Linske-O'Connell L I, Sherman F, McLendon G
Department of Biochemistry, University of Rochester School of Medicine and Dentistry, New York 14642, USA.
Biochemistry. 1995 May 30;34(21):7094-102. doi: 10.1021/bi00021a022.
Position 52 of iso-1-cytochrome c in the yeast Saccharomyces cerevisiae was systematically replaced with all possible amino acids to investigate the molecular basis of the "global suppressor" activity for the N52I mutation. Isogenic strains containing the variant proteins were made with a mixed oligonucleotide-directed mutagenesis technique in vivo.

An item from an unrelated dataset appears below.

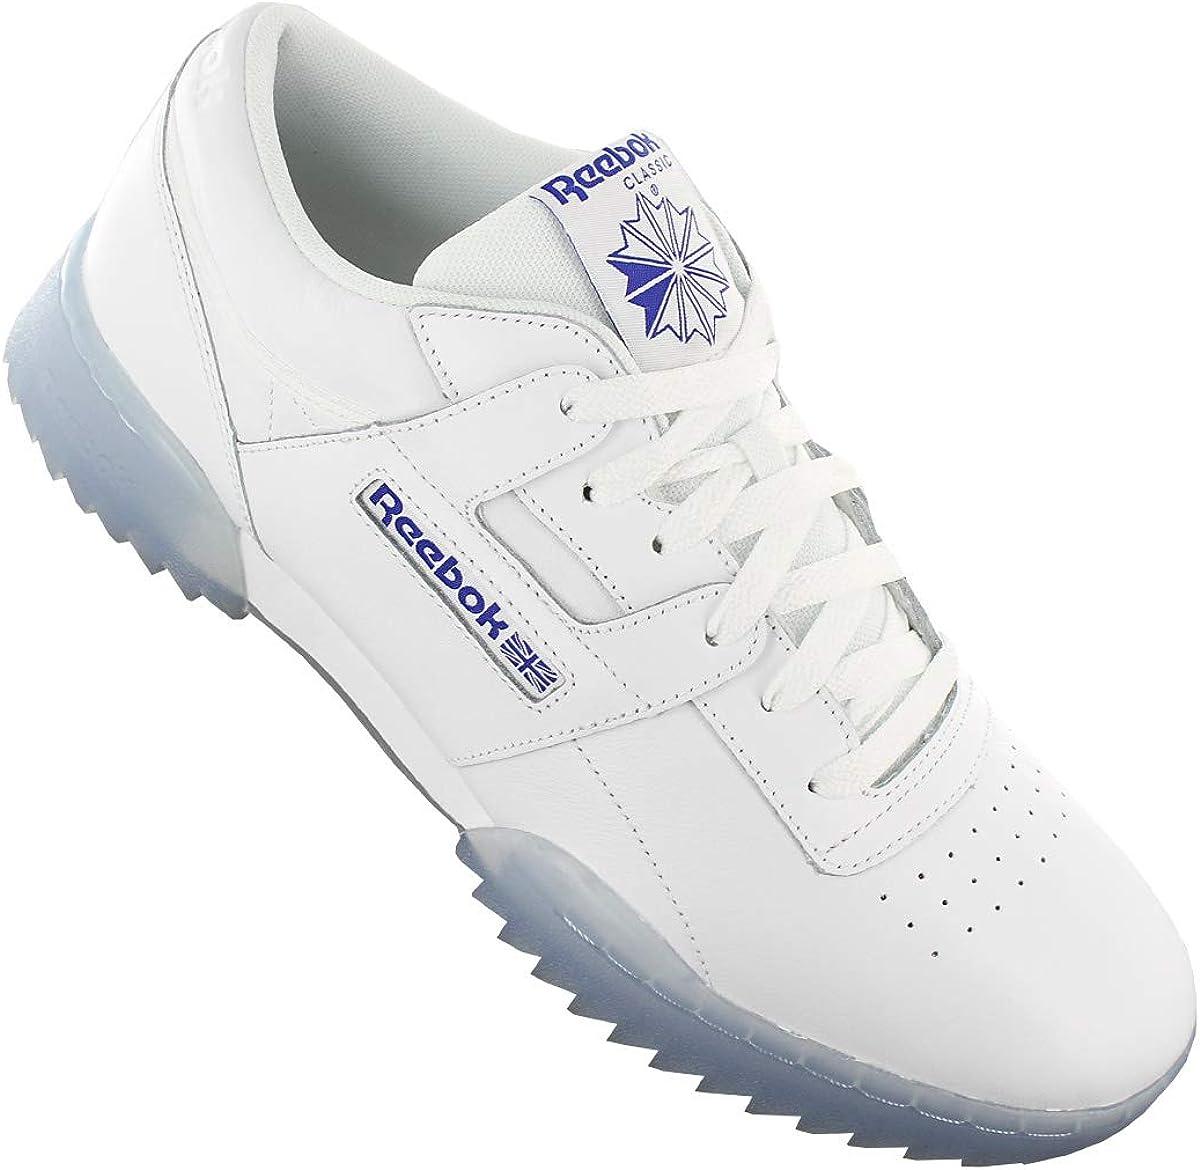 Reebok Workour Clean Ripple Ice CM9931 Herren Schuhe Weiß
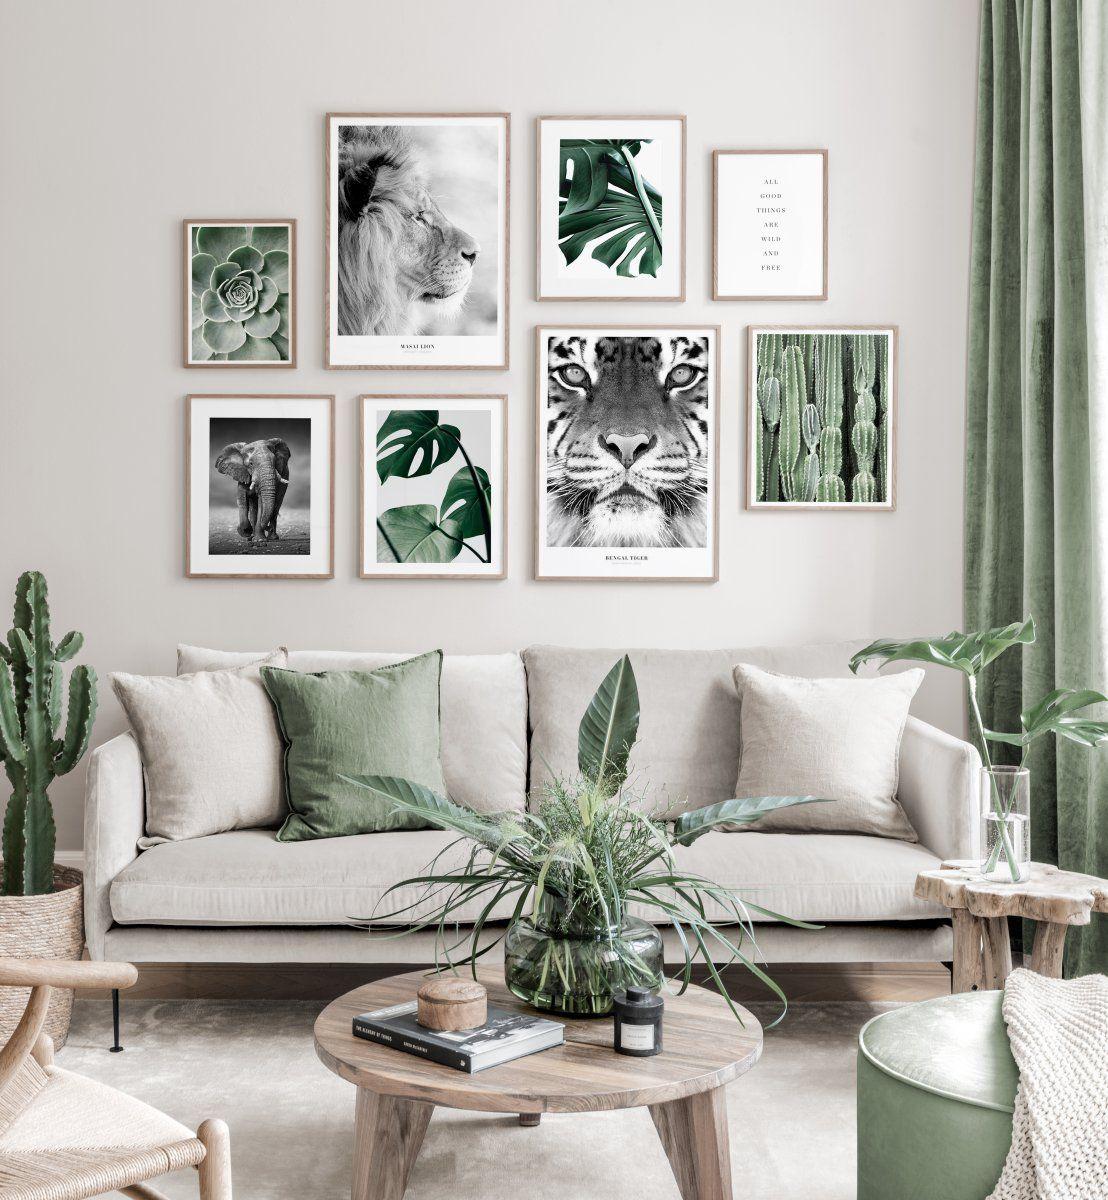 Pin On Ideer For Flytt Living room decor gallery

A relationship between thermodynamic protein stability and cellular protein levels was established by comparing direct spectroscopic measurements of cytochrome c levels in vivo with the thermodynamic parameters from guanidine hydrochloride denaturation and microcalorimetric measurements. Reversible denaturation data show that, within a large group of amino acid side chains, the thermodynamic stabilization at position 52 is related to the hydrophobicity of the side chain at that site.
在酿酒酵母中,将异-1-细胞色素c的第52位系统地替换为所有可能的氨基酸,以研究N52I突变的“全局抑制”活性的分子基础。利用体内混合寡核苷酸定向诱变技术构建了含有变体蛋白的同基因菌株。通过比较体内细胞色素c水平的直接光谱测量结果与盐酸胍变性和微量量热测量得到的热力学参数,建立了蛋白质热力学稳定性与细胞内蛋白质水平之间的关系。可逆变性数据表明,在一大组氨基酸侧链中,第52位的热力学稳定性与该位点侧链的疏水性有关。